EXPENDABLE INCOME

adidasforum

This is a few years old and was written for my friend Frank back in the Boylston Trading days to accompany the release of their excellent all-suede Forum Hi makeups. Looking at it now, I’m not 100% sure on details of the Forum Mid’s genesis, but I kind of like this. I see people talking about shoe prices in 2014 and shoes breaking $100 in the mid 1980s was far more shocking. Hustler-endorsed shoes are the best kind of shoes and I think that the Forum never had the marketing stories applied to it that it deserved. Plus I’m bored of seeing the same stuff about the same set of shoes written by idiots. I don’t buy this stuff about there being a “shoe culture” — it’s either kids who wore TOMS until 2011 getting excited about the same five silhouettes or elderly trainspotters moaning about shoe shapes. Both groups irritate me.

Deluged as we are with previews, retrospectives, forced heritage and the misguided notion that age alone confers classic status on a sneaker design, it’s worth singling out an example of perfect design that’s occasionally overlooked. adidas’ Forum Hi design hasn’t been forgotten in any way — in fact, the Forum had a low key anniversary celebration for its 25th year in 2008, resulting in the flawless Harput’s Forum Mid homage to the iconic Americana. But the high version of the shoe is the most definitive variation. At its best, the collaboration isn’t some cash-in blog filler. Instead it’s a love letter to everything a shoe and its related sub-cultures represent. We’ve been surrounded by reissues for so long that we’ve started to take adidas’ basketball legacy for granted, but it’s time that a few stories were told again.

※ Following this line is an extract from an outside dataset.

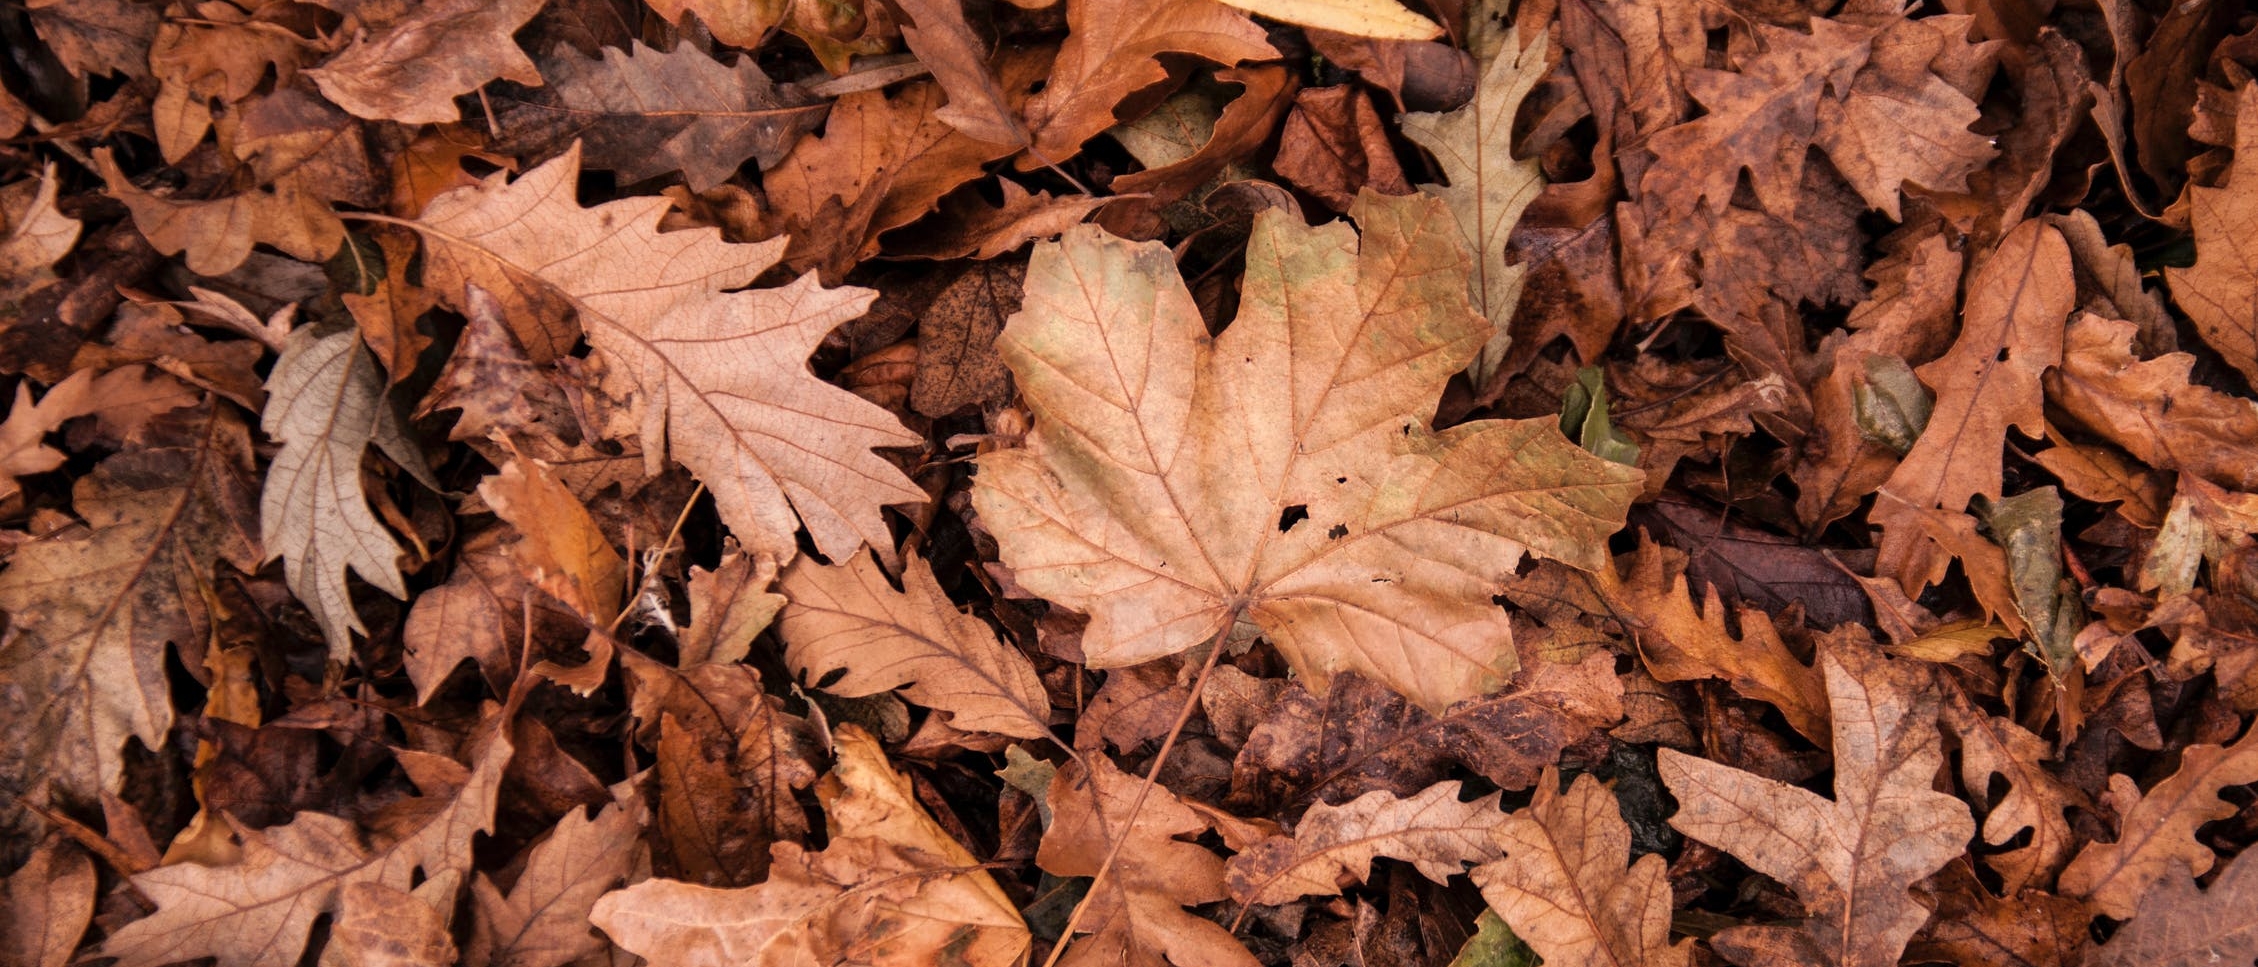 Brown, Fallen Leaves Scattered Across the Ground

Beyond adidas’ Superstar, the seeds of the Forum were sown at the dawn of the 1970s with the Americana and at the decade’s close with the wildly expensive Top 10 silhouette (which proportionally, would match the Forum’s price tag), that ushered in the dawn of the disc outsoles, as tested by Doug Collins, Kevin Grevey, Marques Johnson, Adrian Dantley, Bob Lanier, Bobby Jones, Sidney Wicks, Billy Knight, Mitch Kupchak and Kermit Washington. The Kareem Abdul-Jabbar half-shelled designs and more obscure variants for the likes of Studio 54 tumble victim David Thompson reinforced that commitment to the ABA and NBA, with the materials and innovations — from the outsoles to the use of relevant reinforcement — leading the way above other companies of the time. PUMA produced some gems, and Nike’s commitment to running seemed to supersede their court offerings that decade, with the classic Blazer looking like a stripped-down Americana in the silhouette stakes. Entering the 1980s, the stakes were raised with some significant releases — the Air Force 1 and Legend from Nike made noise as Air debuted as a perfect vessel to play middleman between human and hardwood.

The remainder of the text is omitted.